# Rio Grande garden railroad for sale



## mhutson (Jan 2, 2008)

To all:
I have listed my entire railroad for sale on ebay:
http://cgi.ebay.com/ws/eBayISAPI.dl...CA:US:1123 

Cheers!
Matt


----------



## Del Tapparo (Jan 4, 2008)

Sorry to hear it Matt. Good luck with your sale!


----------



## aceinspp (Jan 2, 2008)

Wondering why selling? Could not read the list of rolling stock. Later RJD


----------



## Steve Stockham (Jan 2, 2008)

There's literally tens of thousands of dollars in that collection!

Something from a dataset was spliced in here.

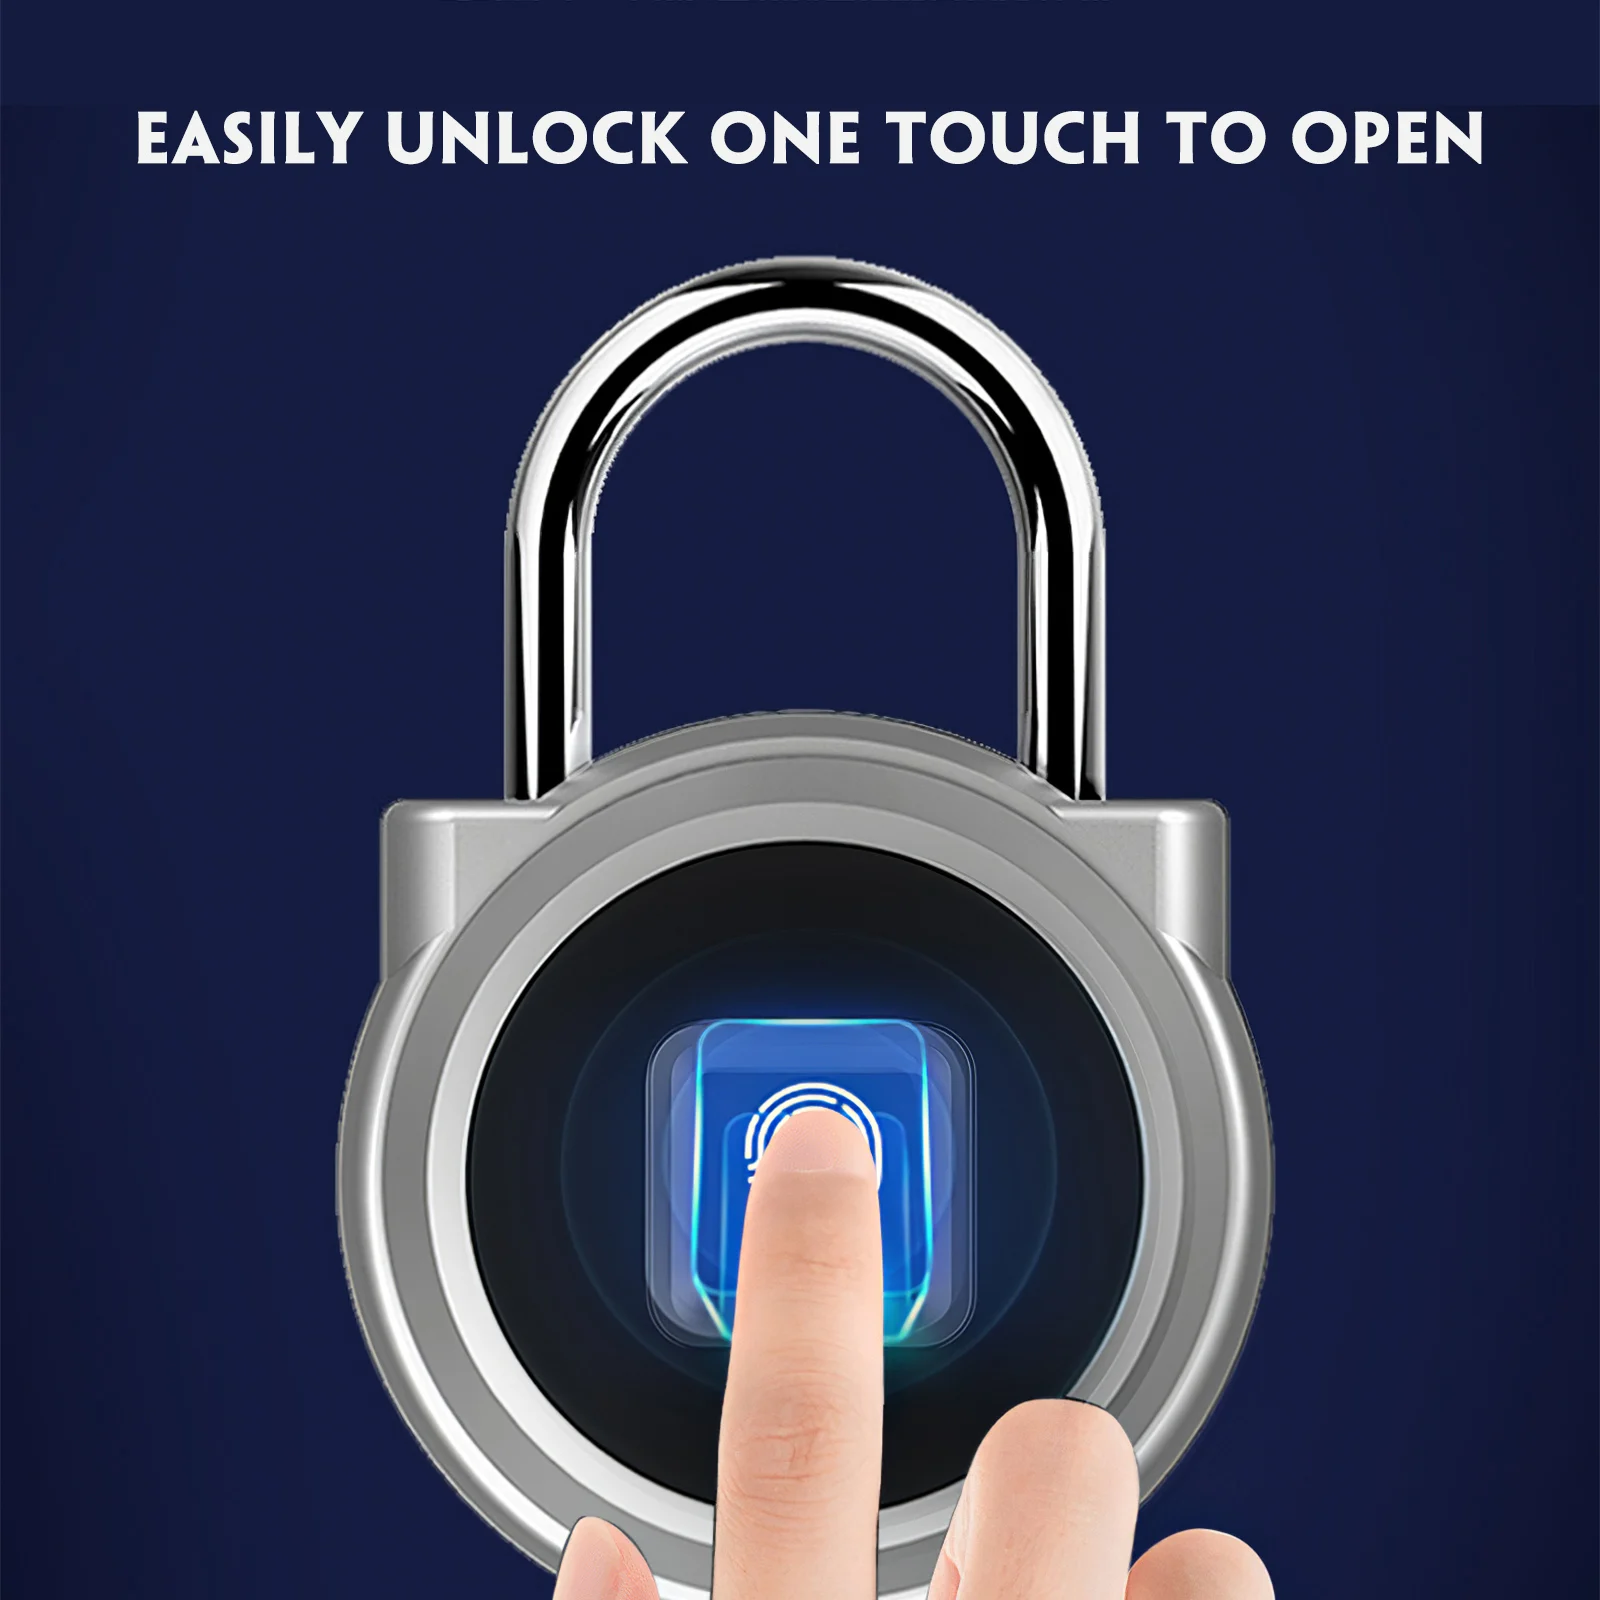 

Keyless USB Charging Door Lock Fingerprint Smart Padlock Quickly Unlock Zinc Alloy Metal Self-Imaging Chip For Locker Anti-Theft

You might have better luck using an auction service. Good luck!
P.S. I'm sorry to hear that you're leaving the hobby Matt. Your pictures in the photo contest were always incredibly realistic!


----------



## Nicholas Savatgy (Dec 17, 2008)

Sorry to see you getting out, Ive book marked your Auction and may bid on your stuff but you would need to hold it for me till the K.S. convention as i'm coming to SEE a few of Kool aiders........

I cant wait to go to the Mall , I Think theres going to be 2 people crying that day......................


----------



## Greg Elmassian (Jan 3, 2008)

When you click on the picture with the list of items, you can hit control - plus and zoom in, still a bit hard to read, but can be read. 

Greg


----------



## mhutson (Jan 2, 2008)

RJ, 
Selling because I have lost interest. Haven't touched most of that stuff in over two years. 

Thanks, 
Matt


----------



## bnsfconductor (Jan 3, 2008)

Quick question is it all one piece? Or you offering individual cars? I'd take a stab at the snow plow if it was offered seperately! 
Craig


----------



## mhutson (Jan 2, 2008)

Craig, 
All in one piece. 

Thank,s 
Matt


----------



## mhutson (Jan 2, 2008)

This listing has been updated:
http://cgi.ebay.com/ws/eBayISAPI.dl...0533893310 

Thanks for looking!

Cheers,
Matt


----------